Plugins expand what an LLM can do—fetch web content, generate URLs, or trigger actions—so they can become an attack surface. The workshop recommends least-privilege access control for plugins, vetting plugin developers and reputation (e.g., reviews), testing before production, and adding user confirmations for sensitive or automated actions. “Excessive agency” is treated as the broader risk of letting the model take open-ended actions (like arbitrary URL opening) that are difficult to secure; mitigation includes tracking user authorization and using human-in-the-loop approvals when possible.

How does the hands-on demo use monitoring without sending raw sensitive text to WhyLabs?
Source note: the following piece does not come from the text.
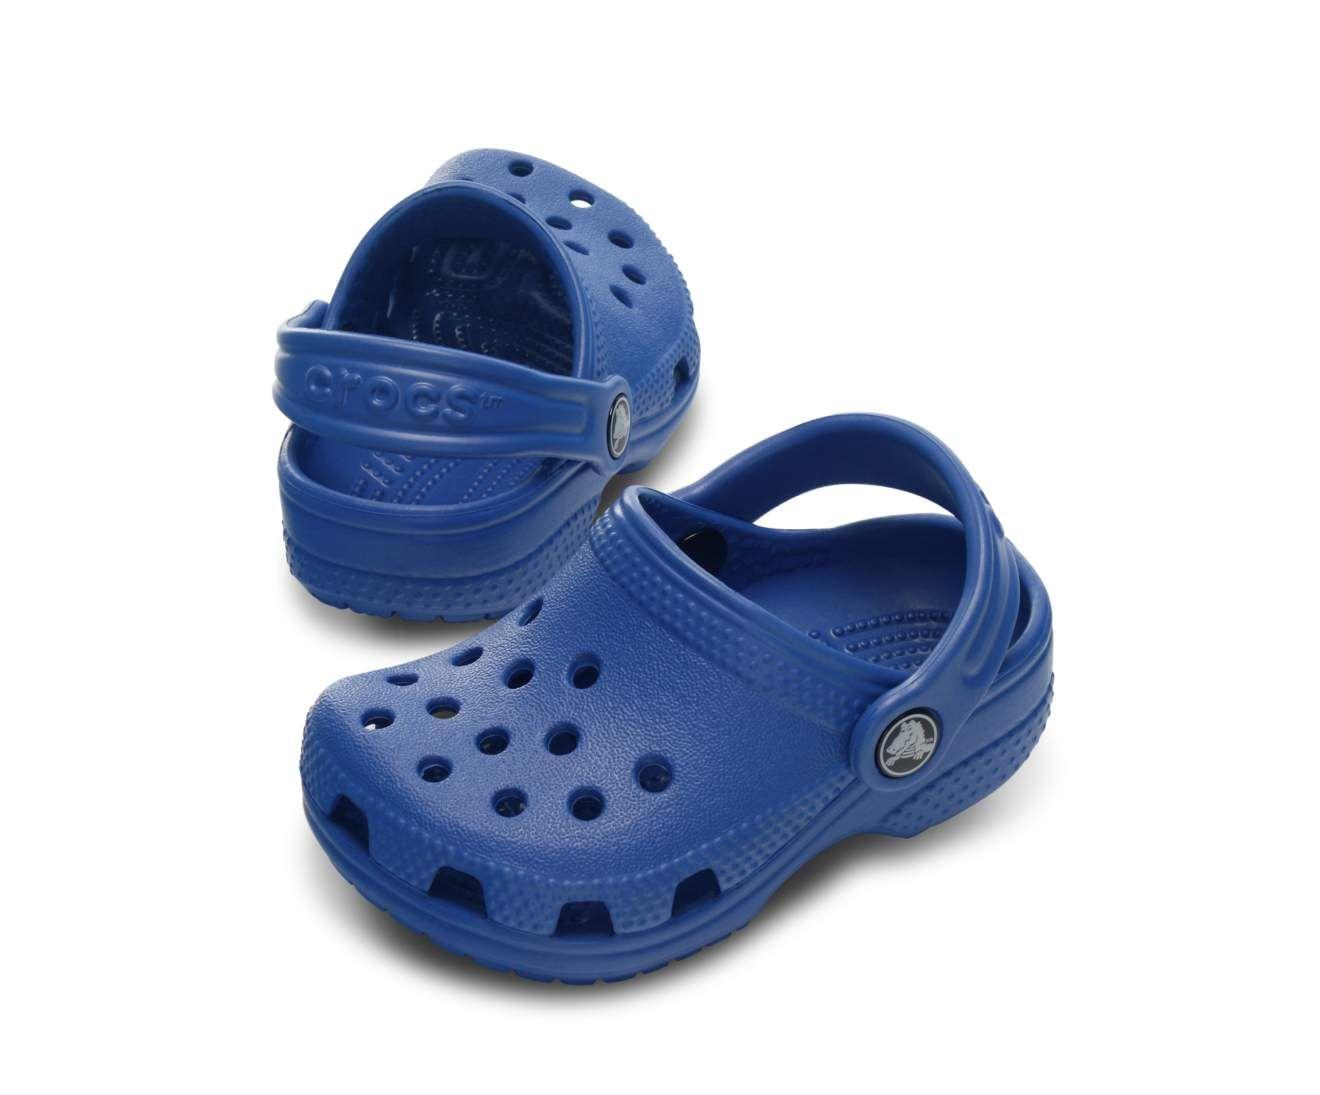 Kids Clogs | Crocs Shoes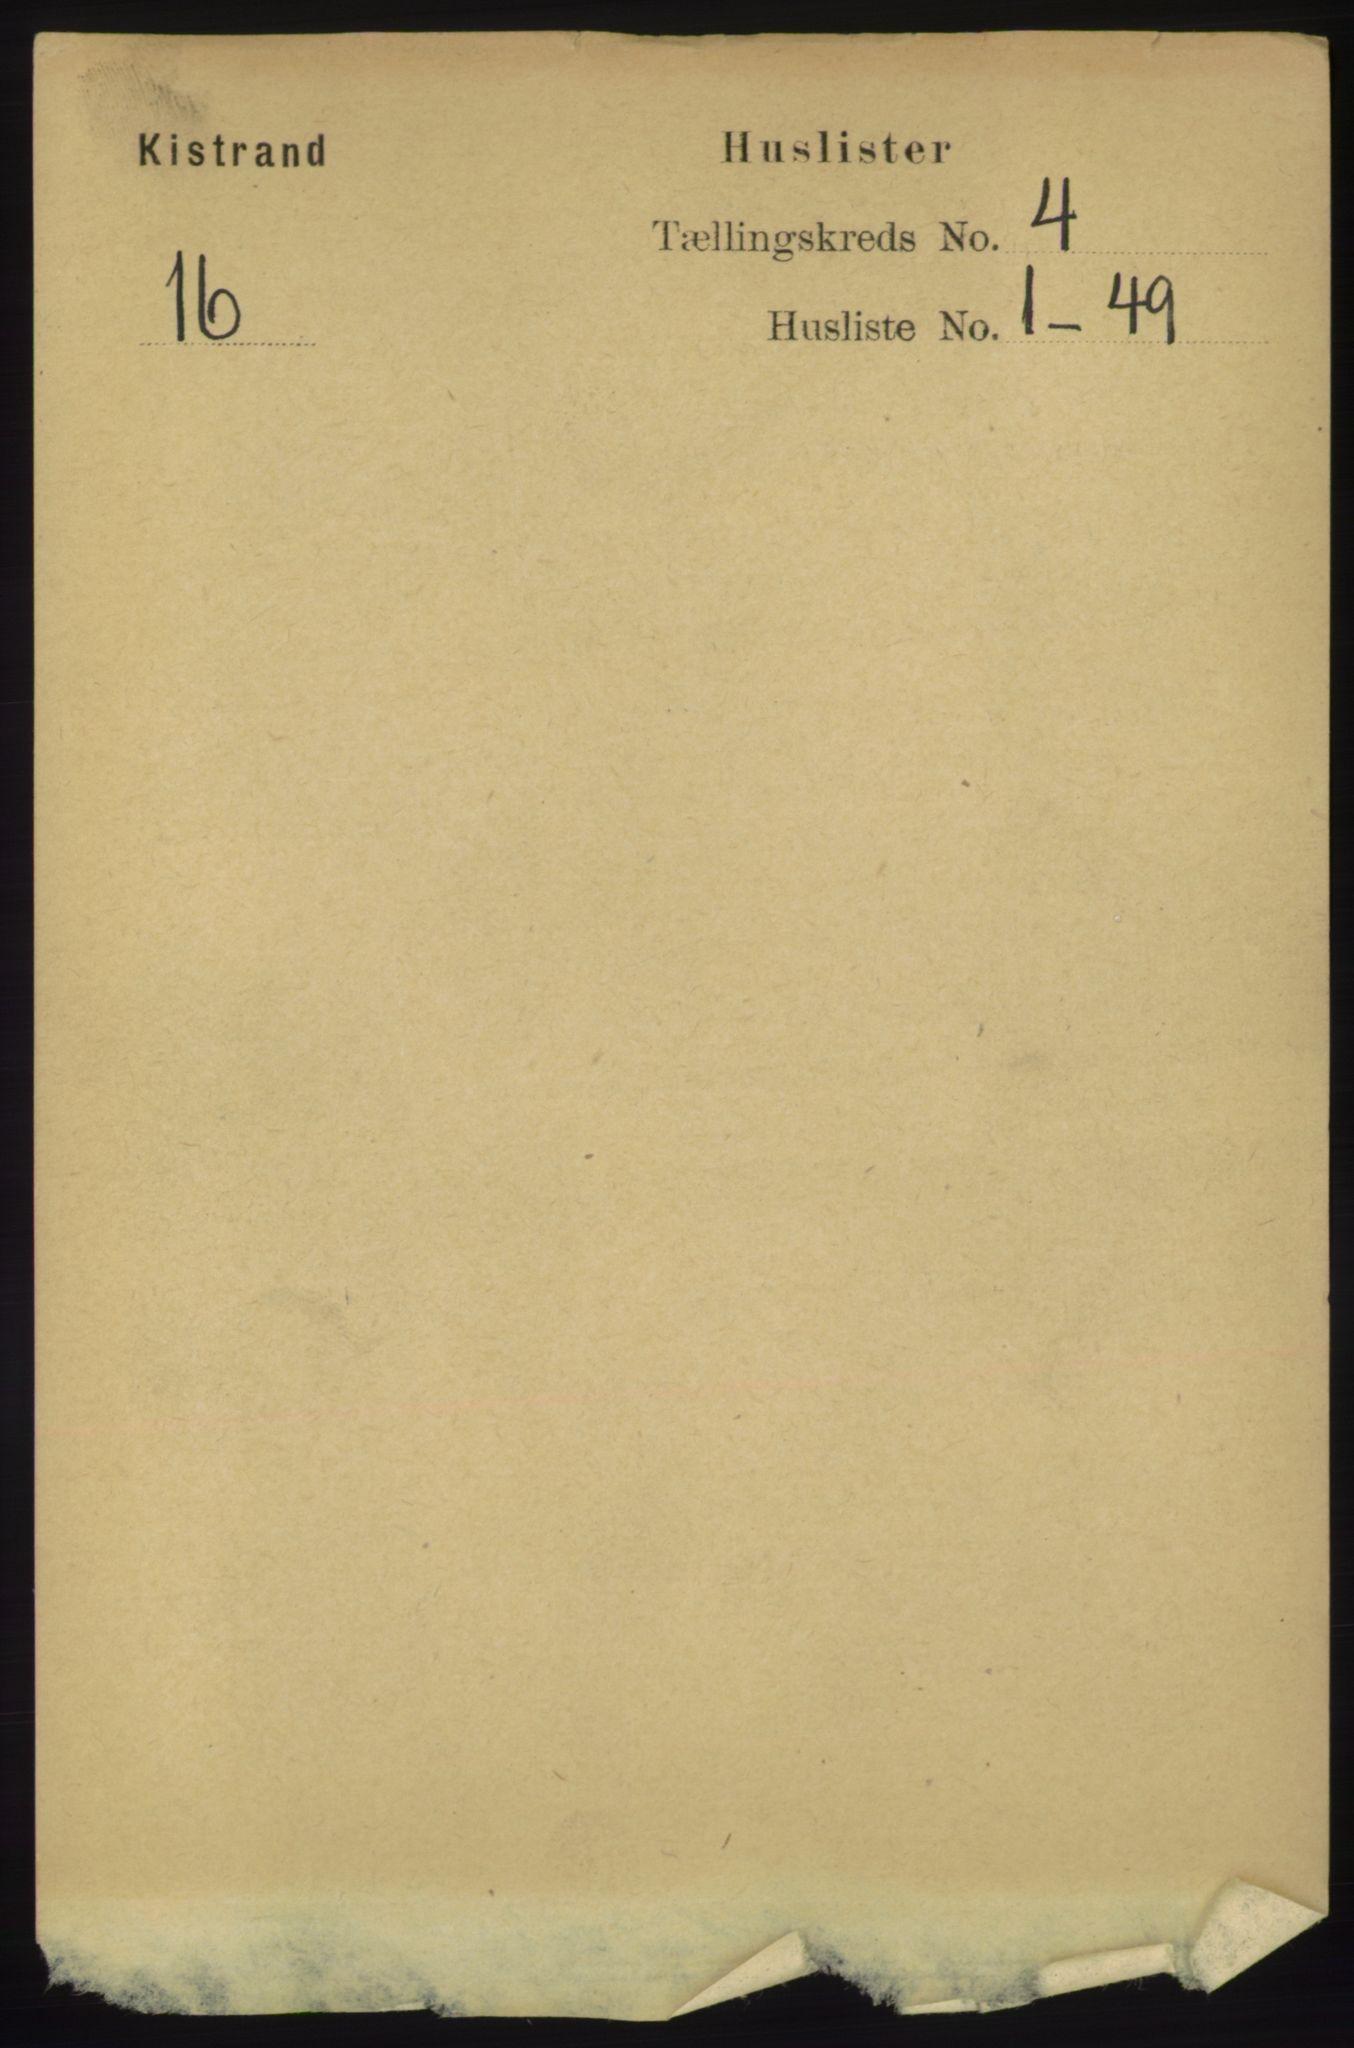 RA, Folketelling 1891 for 2020 Kistrand herred, 1891, s. 1885

The demo uses Lanit to extract security-relevant metrics (scores for jailbreak similarity, toxicity, sentiment, refusal likelihood, and PII patterns) from prompts and responses. Crucially, it sends only the derived scores to the WhyLabs platform rather than the raw prompts/responses, reducing the chance of exposing sensitive data. Dashboards then visualize metrics and help correlate events—such as increased jailbreak similarity and toxicity—with spikes in PII leakage, enabling targeted investigation.

Review Questions

  1. Which OWASP categories were tied most directly to the need for least-privilege design, and how do those categories differ (prompt injection vs. excessive agency vs. insecure plugin design)?
  2. For an LLM feature that generates SQL, what specific validation and monitoring steps would you implement to reduce insecure output handling risk?
  3. In the demo approach, what signals are extracted by Lanit, and why is sending only scores (not raw text) a meaningful security choice?

Key Points

  1. 1

    Assume LLM applications can be manipulated; design with hostile prompts in mind rather than relying on “best effort” prompt engineering.

  2. 2

    Use least-privilege and isolation so LLMs can’t control the full user experience or upstream/downstream systems after a successful attack.

  3. 3

    Validate LLM outputs—especially when outputs trigger actions like SQL, API calls, or automation—then monitor for expected structure, length, and quality.

  4. 4

    Treat training data poisoning and supply-chain risks as real uncertainties, particularly for API-based models where training data and lifecycle details are opaque.

  5. 5

    Prevent and detect sensitive information disclosure by blocking sensitive inputs, anonymizing datasets for fine-tuning, and monitoring responses for PII patterns.

  6. 6

    Harden plugin and tool integrations with least privilege, vetted sources, testing, and user confirmations for sensitive actions.

  7. 7

    Reduce overreliance by monitoring output quality and adding interface and workflow steps that force review for high-stakes decisions.

Highlights

Prompt injection mitigation starts with a mindset shift: treat LLM apps as potentially malicious and limit what the model can do through least-privilege design.
Insecure output handling becomes dangerous when LLM outputs drive downstream actions; zero-trust isolation plus output validation and monitoring are the core defenses.
The demo’s monitoring pipeline extracts security signals and sends only scores (not raw prompts/responses), enabling visibility while lowering exposure of sensitive text.
A correlated spike pattern—higher jailbreak similarity and toxicity alongside increased refusal and PII leakage—can help pinpoint why an LLM suddenly misbehaved.
Overreliance is framed as a security-adjacent risk: fluent outputs can mislead decision-makers unless quality checks and cross-verification are built into workflows.